Le 14 juillet 1923, un incendie détruit la
bibliothèque du château de Versailles. Parmi les
cendres, on retrouve un grimoire ancien,
révélant des rituels capables de manipuler la
matière. Le gouvernement, craignant une
renaissance des forces occultes, interdit toute
étude sur les textes anciens.
Un mois plus tard, la sorcière Élodie Dufresne
disparaît après avoir été vue en conversation
avec un étranger au café de Flore. Son nom est
effacé des registres officiels. Personne ne sait
qu’elle a volé le grimoire avant de s’enfuir.

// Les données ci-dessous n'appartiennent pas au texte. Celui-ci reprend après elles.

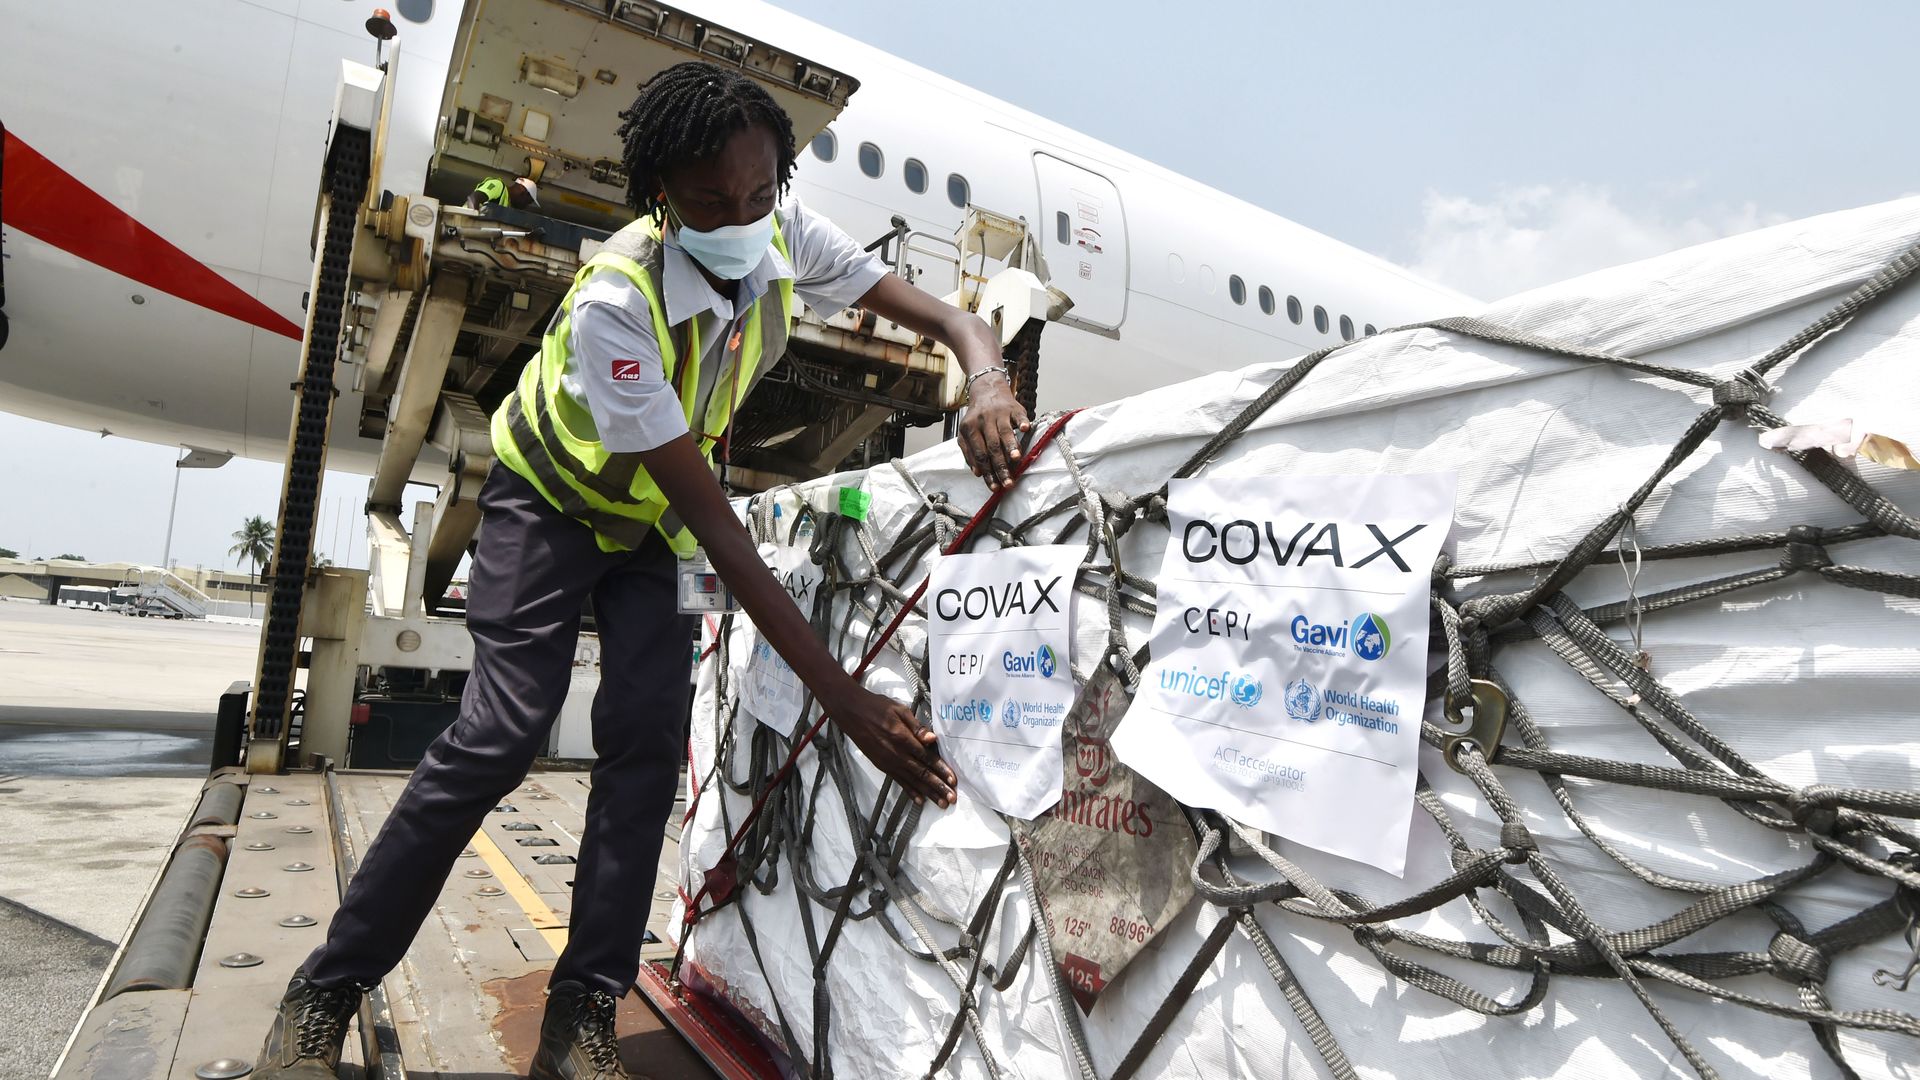 A person unloading a shipment of AstraZeneca Covid-19 vaccine from a plane in Abidjan, Côte d'Ivoire, in February 2021.

Le roi de l’ombre, un homme à la cape noire,
apparaît dans les rues de Paris. Il réclame la
sorcière en échange d’un pacte : la fin des
interdits. Les autorités refusent. L’ombre se
mue en légion. Des citoyens sont arrêtés, leurs
corps marqués d’une rune.
Élodie, cachée dans les catacombes, découvre que
le grimoire ne contient pas seulement des sorts,
mais une carte vers un lieu où la magie n’est
pas interdite. Elle y va seule, suivant les
indices gravés dans les murs.
Le roi la trouve. Il lui offre une chance : elle
peut rétablir l’équilibre entre le monde des
hommes et celui des ombres, ou être emprisonnée
pour toujours. Elle refuse. Il la captive dans
un palais souterrain, où les murs respirent et
les miroirs mentent.
Dans le même temps, un journaliste du Journal de
Paris commence à enquêter sur les disparitions.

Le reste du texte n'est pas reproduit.